The Title Generation Model

When you create a task, Errand automatically generates a short, descriptive title from your task description. This is a single-shot summarisation job — the model reads your description and produces a few words.

Recommended: Efficient Tier

This is the easiest choice. Even the smallest, most affordable models handle short-text summarisation well. There is no benefit to using a more powerful model here — it would produce the same quality title at higher cost and slower speed.

Any Efficient-tier model will do the job. Pick whichever one your provider offers at the lowest cost.

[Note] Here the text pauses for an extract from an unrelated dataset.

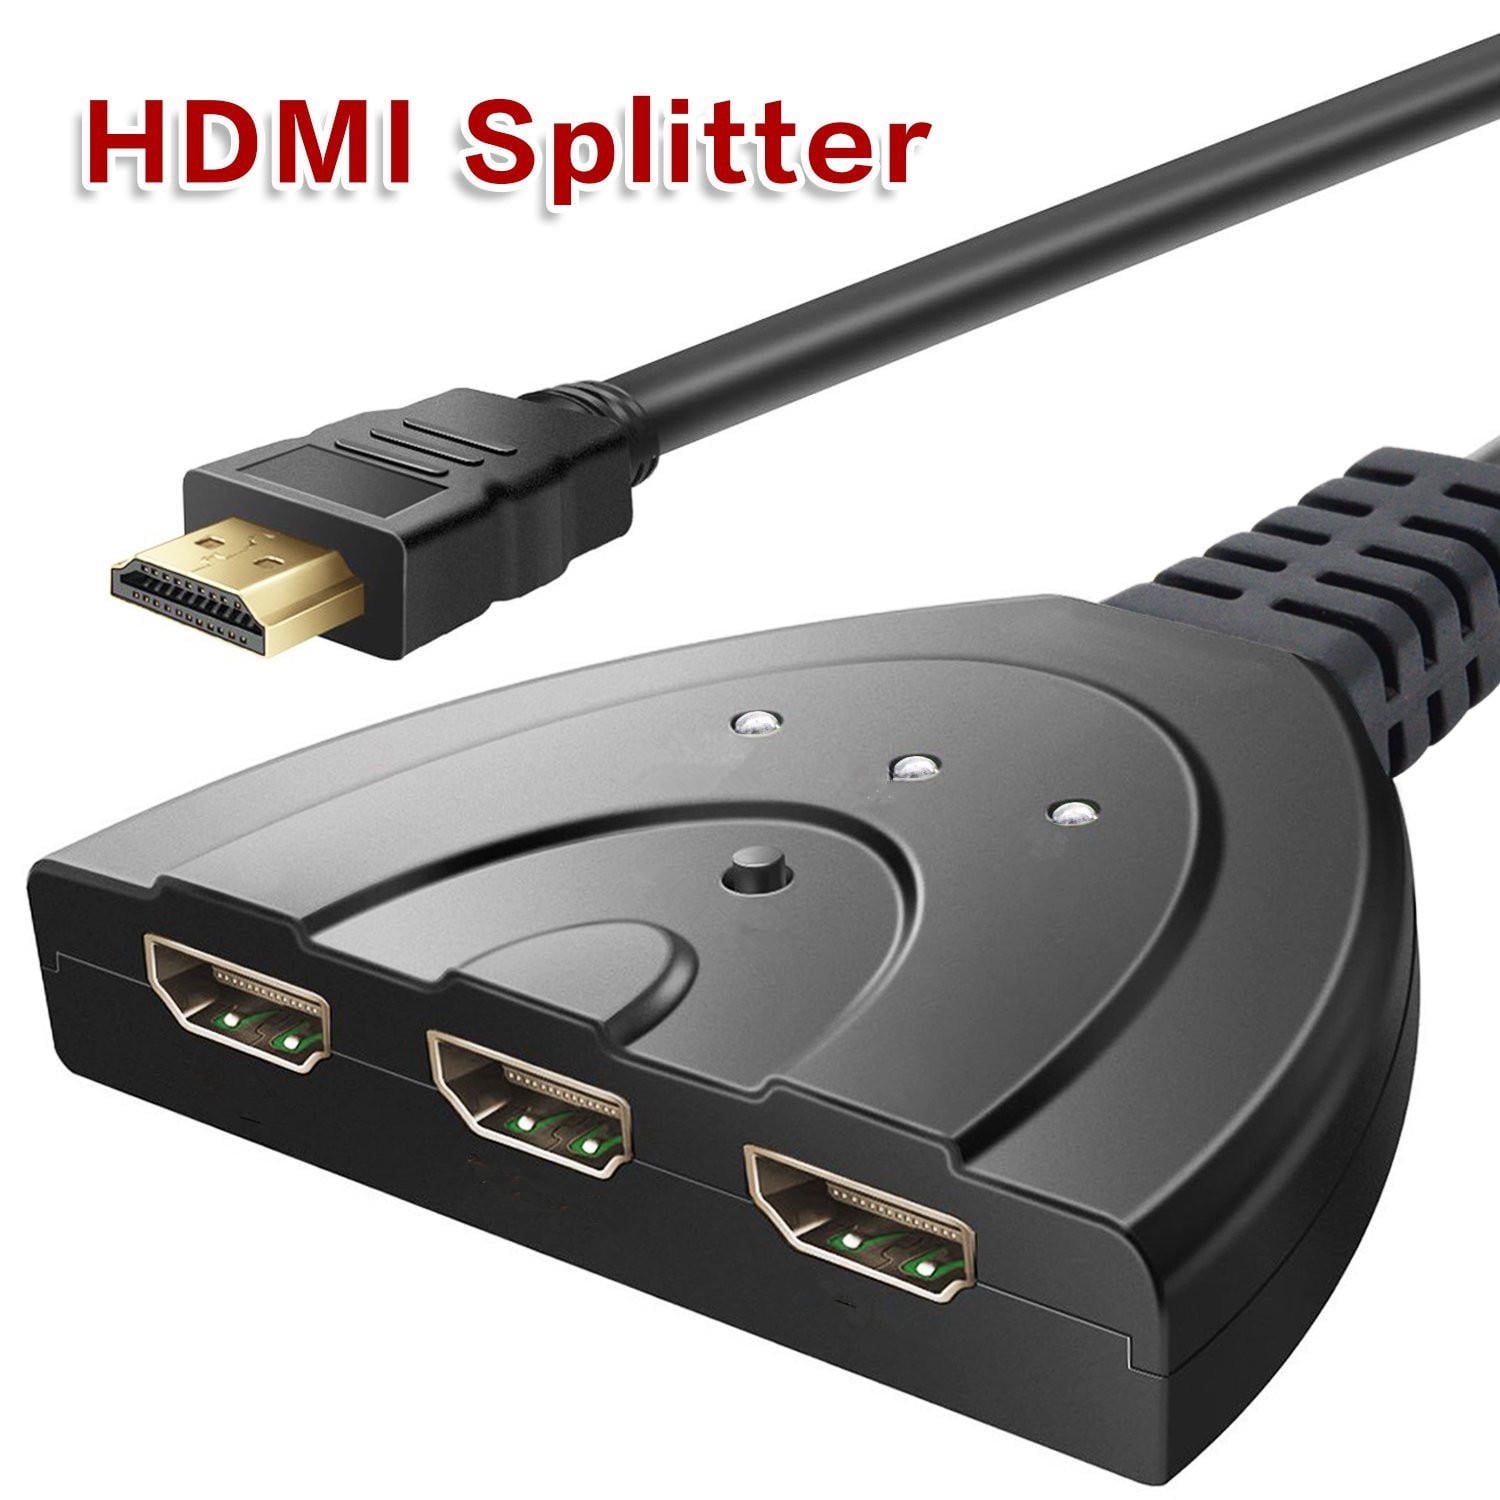 Plateau Cirkel utilfredsstillende 3 Port HDMI Switcher Splitter 3D 1080P Full HD 3 Input 1 Output Auto High  Speed HDMI Switch Switcher Splitter Cable Hub Box Adapter for HDTV DVD Xbox  360 With 24K Gold

The Hindsight Memory Model

Hindsight is Errand’s persistent memory system. It uses an AI model to:

Extract entities and concepts from your tasks and their results
Form “beliefs” — structured knowledge about your preferences, past decisions, and context
Search and retrieve relevant memories when a new task starts

Recommended: Efficient to Balanced

The Hindsight model needs good language comprehension — it must understand what is important in a piece of text and extract meaning from it. However, it does not need the multi-step reasoning or tool-calling capabilities that the agent requires.

Efficient tier works well for most users. Memories are stored and recalled reliably, and the cost stays low since Hindsight processes text for every task.
Balanced tier can provide richer, more nuanced memory extraction if you find that the Efficient model is missing important context. This is a quality-versus-cost decision you can experiment with.

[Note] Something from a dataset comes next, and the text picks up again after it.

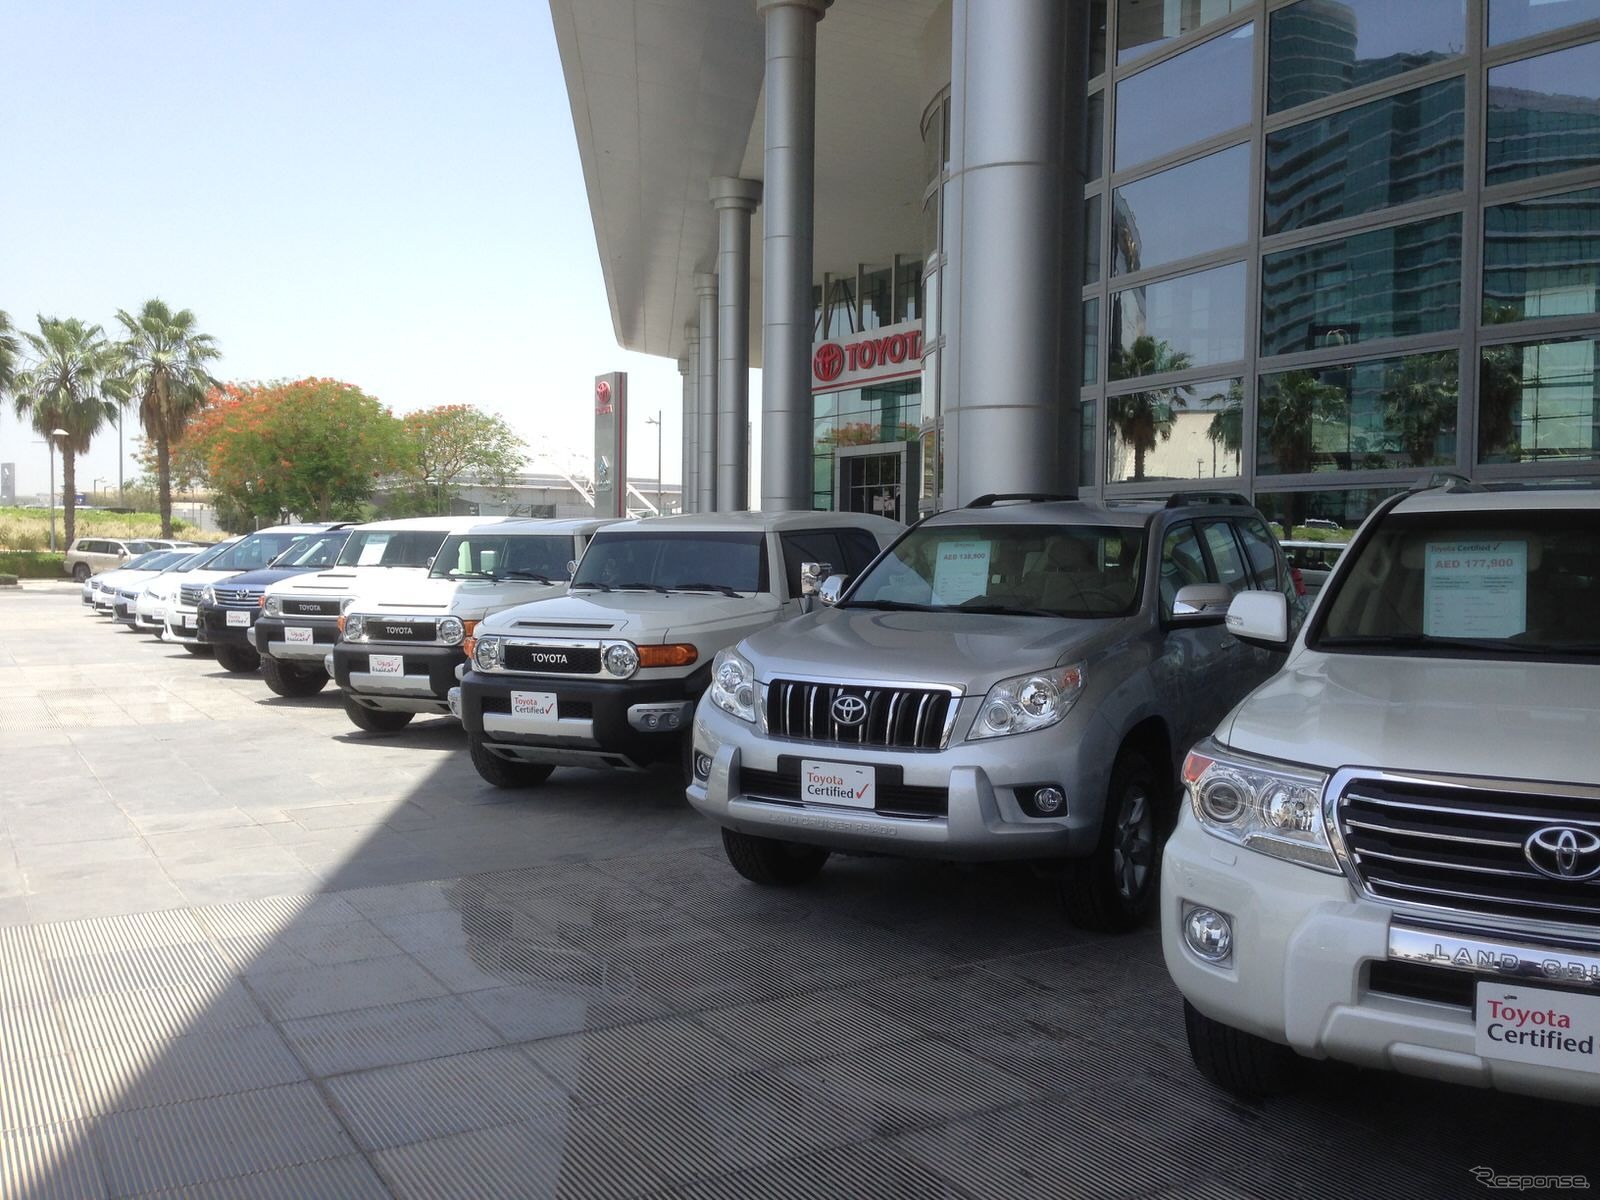 「Al-Futtaim」の経営するトヨタのショールーム

Start with an Efficient-tier model and upgrade if you notice the agent is not recalling relevant context from previous tasks.

The Transcription Model

If you want to create tasks by speaking instead of typing, Errand can transcribe your voice input into text. This requires a Whisper-compatible transcription model.

Options

Cloud: OpenAI’s Whisper API, accessed through LiteLLM, is the most common choice. Several other providers also offer Whisper-compatible endpoints.
Local: You can run Whisper models locally through Ollama or other local model servers, keeping your audio data entirely on your own hardware.

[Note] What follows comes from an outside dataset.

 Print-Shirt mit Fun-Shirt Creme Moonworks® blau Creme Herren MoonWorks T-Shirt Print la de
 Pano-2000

If you do not plan to use voice input, leave the transcription model unconfigured.

Task Profiles — Per-Task Model Overrides

Errand’s Task Profiles feature lets you assign different models to different types of work. Instead of choosing one model for everything, you can create profiles that automatically match tasks to the right model:

A Research profile might use a Frontier-tier model with access to web search tools
A Quick Reply profile might use an Efficient-tier model for near-instant responses
A Code Review profile might use a Frontier-tier model with access to your Git repository

Profiles give you flexibility without requiring you to change your default settings every time. See the Task Profiles documentation for setup instructions.

Example Configurations

Here are some common setups to help you get started. All models are accessed through LiteLLM regardless of which configuration you choose.

Best Quality

For users who want the highest quality results and are comfortable with the associated cost.

Slot	Tier	Example
Agent	Frontier	Claude Opus 4
Title Generation	Efficient	Claude Haiku 4.5
Hindsight	Balanced	Claude Sonnet 4
Transcription	Whisper	whisper-large-v3

Balanced (Recommended)

The sweet spot for most users — excellent results at a reasonable cost.

Slot	Tier	Example
Agent	Balanced	Claude Sonnet 4
Title Generation	Efficient	Claude Haiku 4.5
Hindsight	Efficient	GPT-4o Mini
Transcription	Whisper	whisper-large-v3

Budget-Conscious

Keeps costs low while still delivering good agent performance.

Slot	Tier	Example
Agent	Balanced	Gemini 2.5 Flash
Title Generation	Efficient	Gemini 2.0 Flash
Hindsight	Efficient	Gemini 2.0 Flash
Transcription	Whisper	whisper-large-v3

Privacy-First

Everything runs on your own hardware. See Running Models Locally for setup.

Slot	Tier	Example
Agent	Balanced (local)	Llama 3.3 70B (via Ollama)
Title Generation	Efficient (local)	Llama 3.2 3B (via Ollama)
Hindsight	Efficient (local)	Llama 3.2 3B (via Ollama)
Transcription	Whisper (local)	whisper-large-v3 (via Ollama)

Note that the Privacy-First configuration requires significant hardware — see the local models guide for requirements.